Senator David Vitter (R-LA) asked SIPC to revisit its decision not to compensate the Stanford Ponzi scheme victims. In a letter to Acting SIPC Chair Sharon Bowen, the Senator requested that Chair Bowen reconvene the SIPC board of directors and take a new vote on compensating the victims. Senator Vitter recently told the Acting Chair that because of evidence SIPC never considered concerning the SEC’s directive to compensate the victims, SIPC should revisit the case. Ms. Bowen is curr ently a nominee for a seat on the CFTC.
Stanford Ponzi scheme. Late last year Senator Vitter sent the Acting SIPC Chair a letter highlighting the role that SIFMA played in the decision not to compensate the Stanford Ponzi scheme victims. He said that SIFMA’s General Counsel was not aware of the details of the Stanford case when they first voted on the Stanford scheme. The SEC concluded that the Stanford victims are entitled to receive SIPC coverage for their losses. The SEC ruling was appealed and the SIPC board refused to compensate. Meanwhile, Senator Vitter has introduced bi-partisan legislation to provide relief to the victims of the Stanford Ponzi scheme by reforming what the Senator calls the ``broken investor protection system.’’

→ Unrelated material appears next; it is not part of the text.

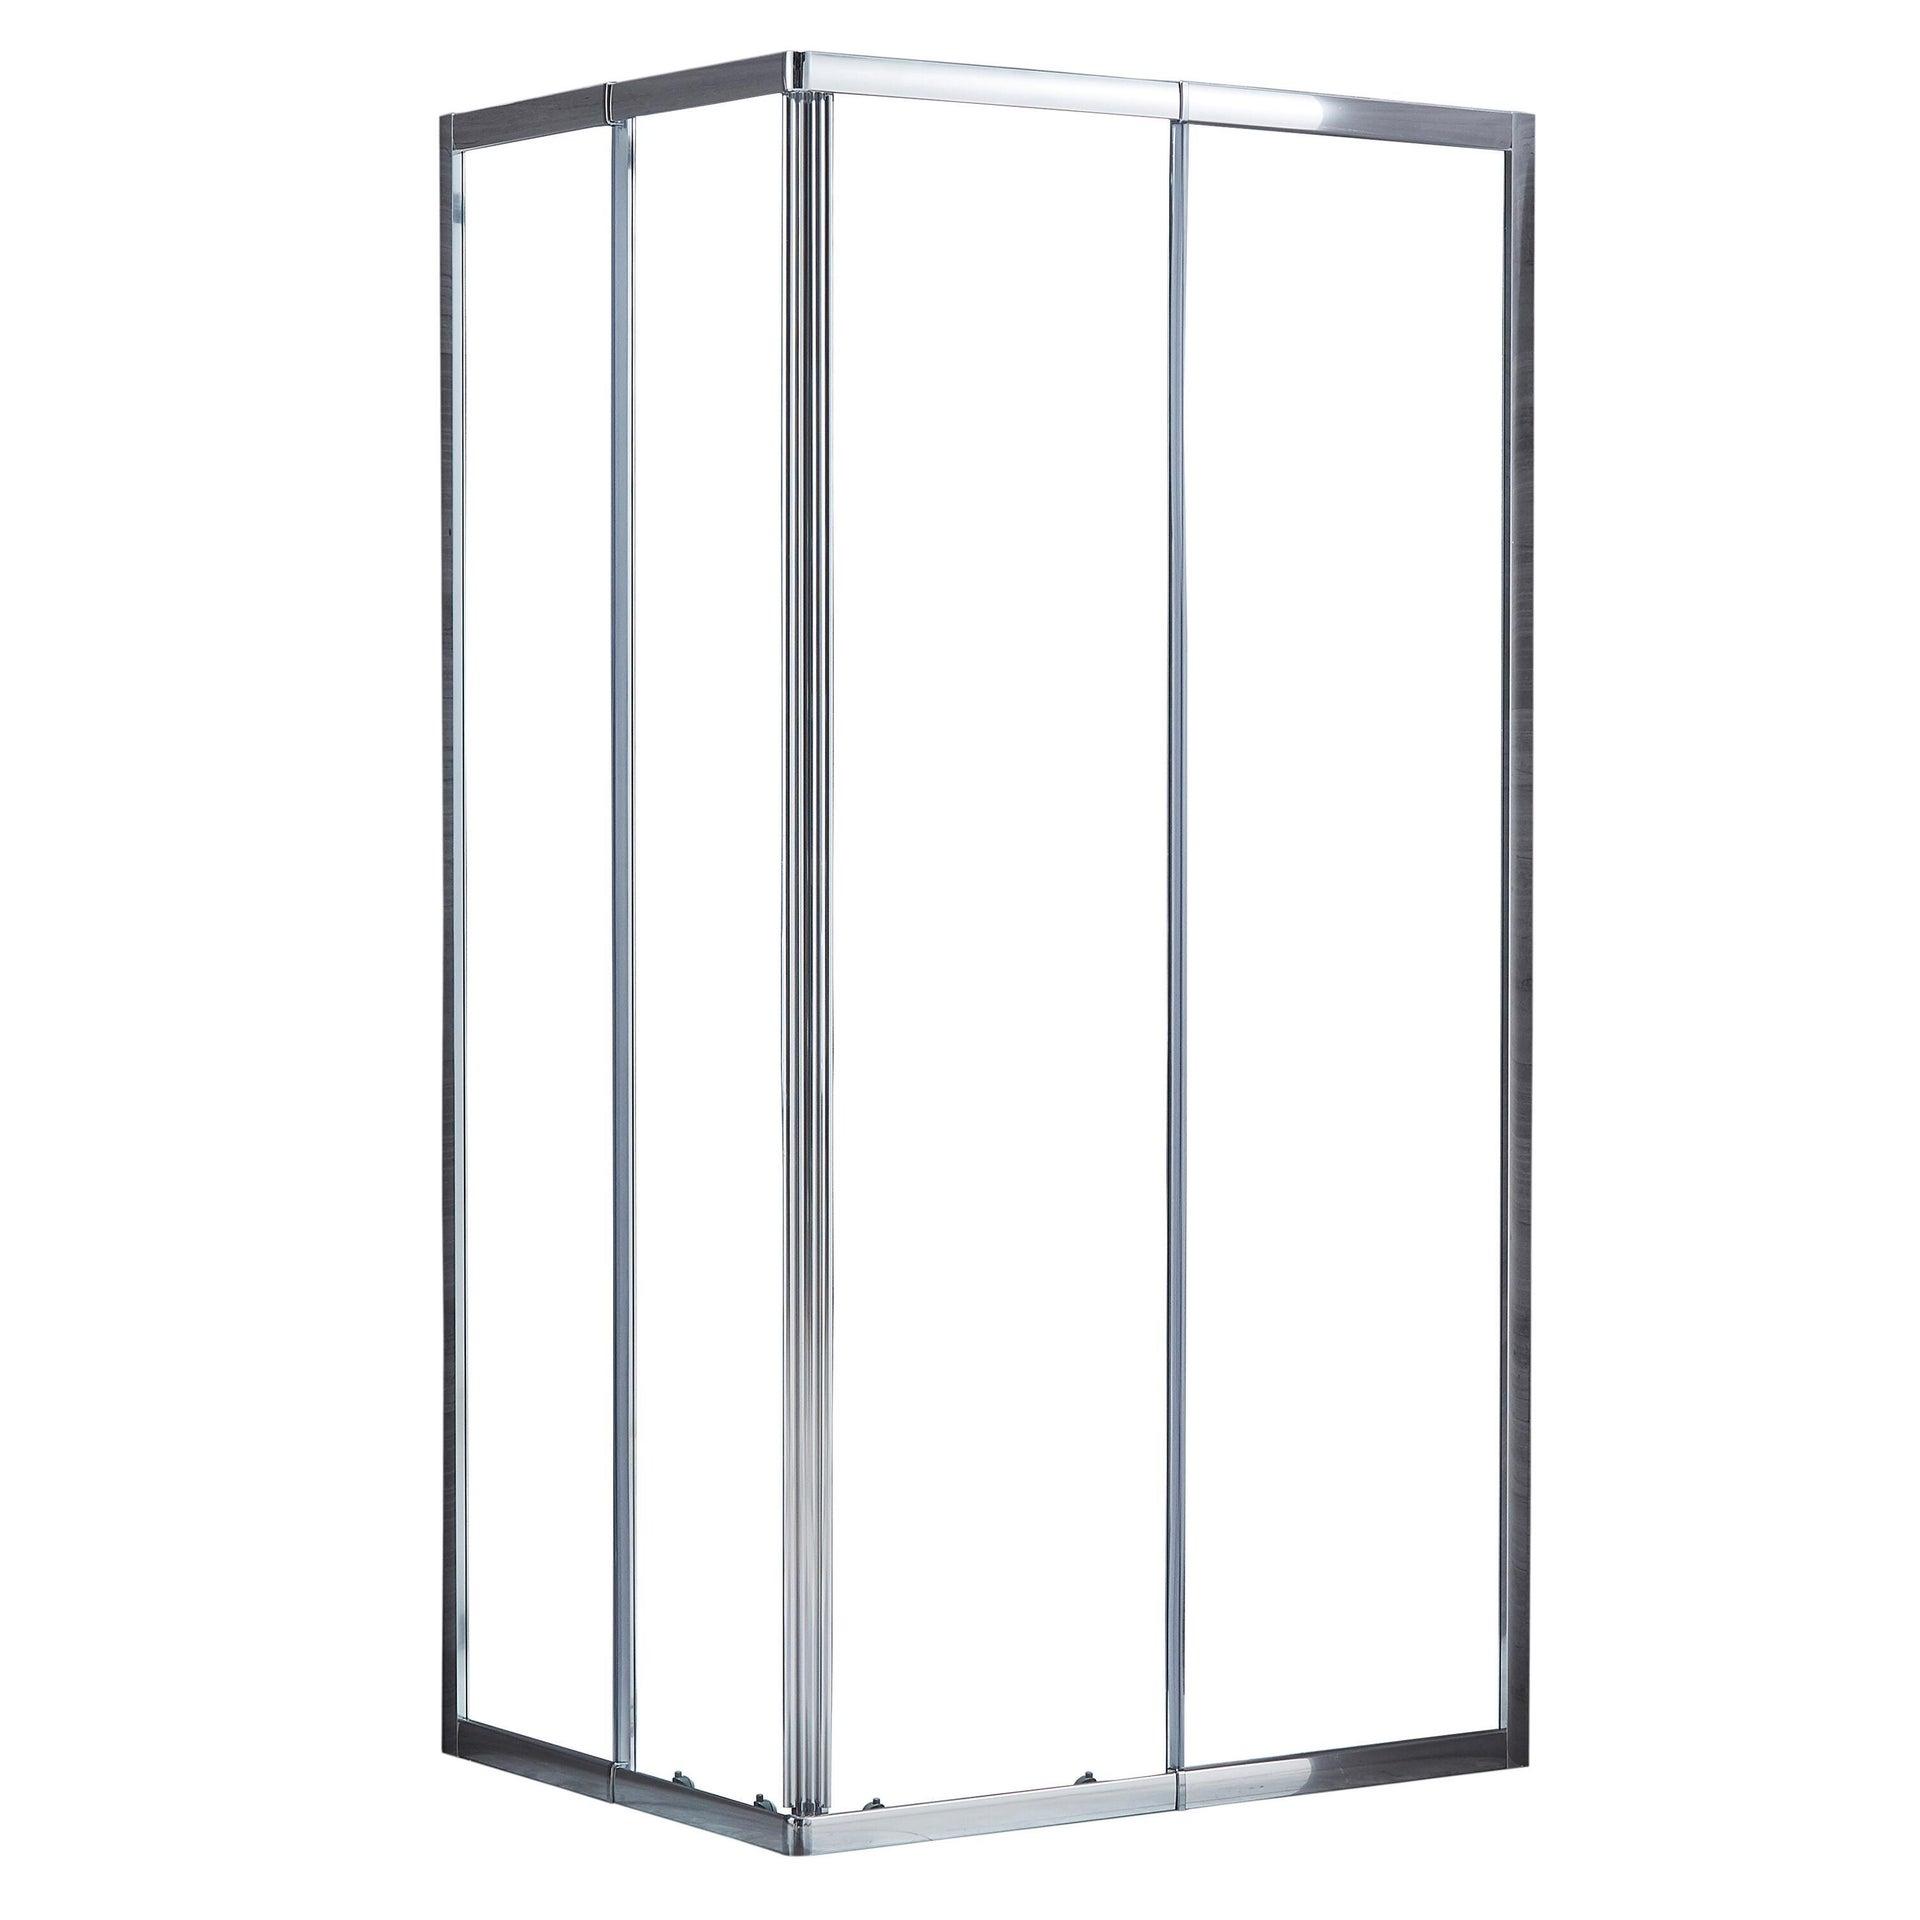 Box doccia rettangolare scorrevole Essential 70 x 100 cm, H 185 cm in vetro temprato, spessore 4 mm trasparente cromato - 4

In his latest letter to Acting Chair Bowen, Senator Vitter restated his request that the SIPC Board of Directors reconvene at its earliest opportunity to be presented with all of the factual information available from almost five years of litigation findings in the receivership proceedings that were not considered by the Board prior to its November 2011 vote. Additionally, the Board should take a new vote on this matter in order to ensure that they truly made an informed decision that fulfilled SIPC’s congressionally mandated purpose to provide unbiased governance that represents the public’s interests.
The case arose from a multi-billion-dollar Ponzi scheme run by Allen Stanford and various entities that he controlled, including a bank which issued fixed-return certificates of deposit (CDs) that the bank falsely claimed were backed by safe, liquid investments. In fact, the claimed investments did not exist, and the bank had to use new CD sales proceeds to make interest and redemption payments on pre-existing CDs.
After the fraud was discovered, two groups of Louisiana investors filed suits in state court against a number of Stanford companies and employees claiming violations of Louisiana law. The defendants removed the Louisiana cases to federal court, and all of the actions were ultimately transferred to the Northern District of Texas, which dismissed the complaints as precluded under the Securities Litigation Uniform Standards Act (SLUSA).. The district court held that, while the CDs themselves were not “covered securities,” the plaintiffs had nevertheless alleged misrepresentations made in connection with transactions in covered securities since the bank said that it invested its assets in highly marketable securities issued by stable governments and strong multinational companies. The district court found that the bank led the plaintiffs to believe that the CDs were backed, at least in part, by investments in SLUSA-covered securities.
The Fifth Circuit reversed, deeming the references to the bank portfolio being backed by covered securities to be merely tangentially related to the heart the defendants’ fraud. Misrepresentations about the investments were only one of a host of misrepresentations, reasoned the appeals court, which also observed that, because the CDs promised a fixed rate of return, they were not tied to the success of any of the bank’s purported investments in covered securities.
The case is now under appeal to the Supreme Court. Oral argument has been heard amd a decision is expected by June of this year.